Всё, что он теперь делал, что видел и слышал, складывалось в строчки на экране, через которые он мог прикоснуться к Сэму. Он представлял, как Сэм отреагирует, прочитав об этом. Он старался запомнить каждую мелочь, деталь, чтобы рассказать о ней. По вечерам он снова прокручивал события дня, делая мысленные наброски будущего письма.
Порой он ловил себя на мысли, что именно так, наверное, сходят с ума. Кто-то начинает видеть всякое, кто-то — разговаривает сам с собой, а он пишет письма в никуда (хотя очень хотелось верить, что нет). Но ему было плевать. Он и так давно уже ненормальный.
***
Дин посмотрел на список отправленных писем — вместе с сегодняшним их было тринадцать — и поморщился. Он не считал себя суеверным, но число всё равно вызывало подсознательную дрожь. А может, это из-за того, что прошло почти три месяца.
Три месяца безжалостной тишины.
Дин вздохнул и поднялся из-за стола, чтобы подготовиться ко сну. Последняя охота выдалась особенно тяжёлой, хотя и обошлось без серьёзных травм, и он хотел лишь скорее лечь и уснуть. Это было хорошо. В таком состоянии не будет кошмаров, не будет вообще никаких снов, которых Дин теперь опасался не меньше. Тех, в которых Сэм его обнимал и смотрел с нежностью. Они оставляли разбитым и отравляли разум на несколько дней. Уж лучше кошмары.
Покончив с вечерней рутиной в ванной, он вернулся в комнату и собирался выключить свет, как раздался звонок. Это мог быть только Бобби, хотя обычно он не звонил так поздно, так что Дин насторожился, не ожидая ничего хорошего.
Но это был не Бобби.
Это был Сэм.
На секунду Дин растерялся. Не поверил глазам.

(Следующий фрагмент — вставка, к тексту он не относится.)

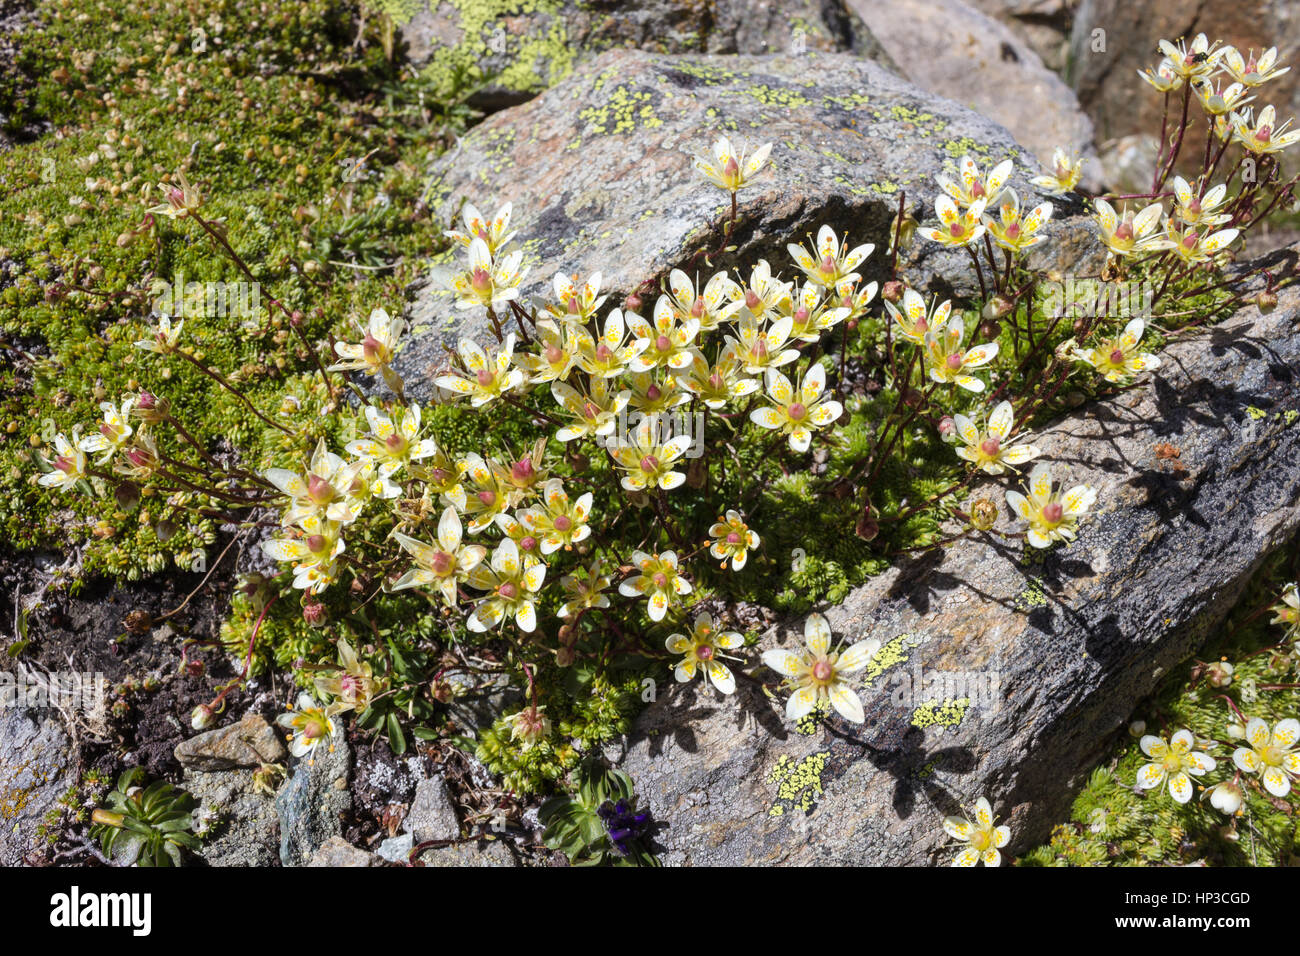 Alpine flower Saxifraga Bryoides (mossy saxifrage), Aosta valley, Italy. Photo taken at an altitude of 2900 meters. Stock Photo

Из-за шока он чуть не сбросил звонок, но, видимо, последние крохи здравого смысла его ещё не покинули. Дрожащей рукой он принял вызов и, всё ещё не веря, поднёс телефон к уху.
— Сэм? — прохрипел Дин, почему-то ожидая услышать кого-то другого. Сэм не мог позвонить сам. Зачем ему это делать? Или он случайно набрал не тот номер и вот-вот сбросит, как только поймёт ошибку. Но с той стороны раздалось:
— Привет, Дин. — И Дин едва не заплакал. Все внутренности словно вынули, оставив от него только оболочку. Но не было боли. Была лёгкость, невесомость. Было облегчение. Как будто он вырвался за пределы земного тела. И не осталось и следа усталости. Он мог бы свернуть горы. Перевернуть мир. Он мог бы всё, потому что этот голос давал силы. В этом голосе была жизнь. Он и был самой жизнью.
Сэм
Они начали созваниваться регулярно, раз в несколько дней, и разговаривали ни о чём: охоте, работе, погоде, последних событиях. Но ни разу не поднимали ту самую тему, аккуратно избегая её, словно неразорвавшуюся мину.
Иногда Сэм хотел всё обсудить, но каждый раз одёргивал себя в последний момент. Он знал, что не готов, что время ещё не пришло.
Это не телефонный разговор. Здесь нужен зрительный контакт. Особенно для него.
Он должен видеть глаза Дина, слышать его голос вживую, чтобы уловить малейшие изменения, читать язык его тела, который порой говорил больше слов.
И он надеялся, что Дин чувствовал то же самое. Что причина именно в этом, а не в страхе и банальном нежелании копаться в больном.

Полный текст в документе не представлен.